The main advantage in GXtest is that it quickly adapts test cases to the changes conducted in the application. Though the conventional approach, should large amounts of test cases be automated (because we acknowledge its potential), with every build the maintenance of the test cases turns into a VERY expensive task, making the cost larger than the return of investment. With the traditional tools, by simply changing the name in a control its automated actions will cease to work properly. We may stumble upon the very same problem in the event that either the GeneXus' version or the generator changes. Let's ponder about it for a moment, the name is changed from an attribute in a widely employed transaction, or the version in Genexus was updated and all of our test cases broke thereafter. At that point, the drive and motivation for maintaining the test cases is lost due to the cost required for refactoring them. With GXtest you may easily keep the traceability between the application and your tests in a simple fashion.

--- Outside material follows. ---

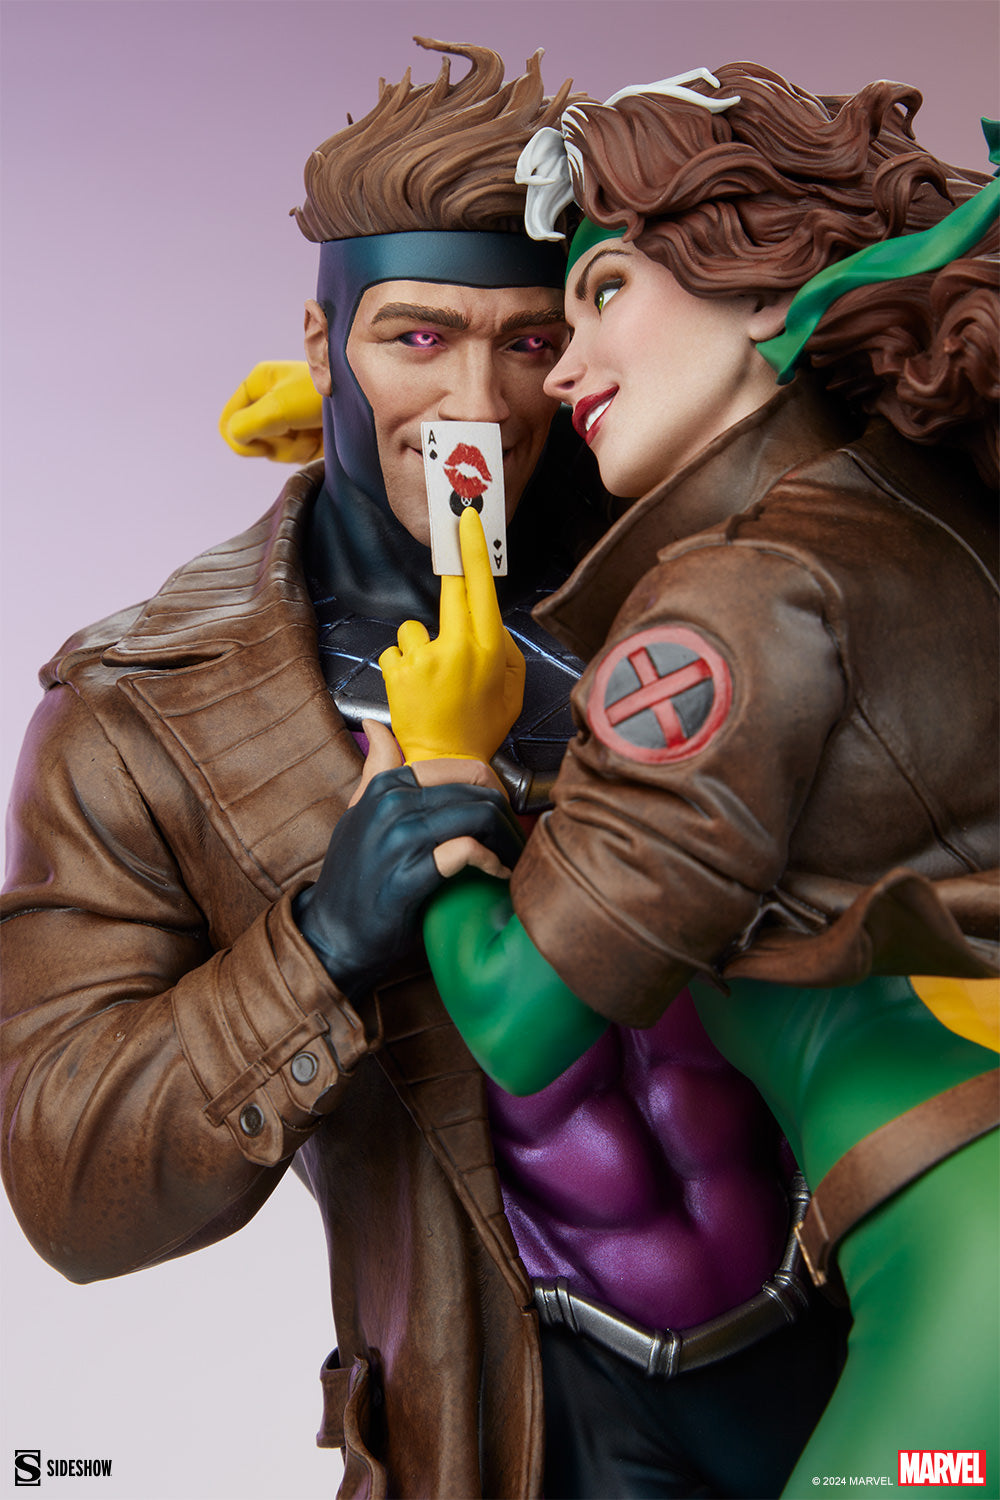 PRE-ORDER Rogue & Gambit Statues

GXtest's main advantage relies in its flexibility for adapting test cases to changes in the application. Technically speaking, the automation strategy is linked to the KB as opposed to the generated HTML. Since GeneXus permits conducting changes in a simple fashion and generate the application, it wouldn't be appropriate having testing as an impediment for improvements.
Through a more traditional approach, the effort needed for both building a test case (learning a scripting language) and maintaining them is very demanding. Many a times, because the initial investment proves costly, companies make up their minds for either giving up or not taking up automation at all.
On the other hand, GXtest provides a simple approach to the creation of test cases with a record and playback feature, a better understanding the test cases through an abstract model, easily vary the data input with a data-driven strategy, and last yet not least, easily maintaining them as the KB changes. Among its functionalities, there is that of linking the test objects to elements from the KB in GeneXus, and since it is specifically addressed to automating applications created in GeneXus the associations are not lost.
Unlike most of automation tools, GXtest is based upon a Model Based Testing approach. Models are much simpler to understand and maintain as opposed to code. Through abstract models we can obtain concrete test cases we can run.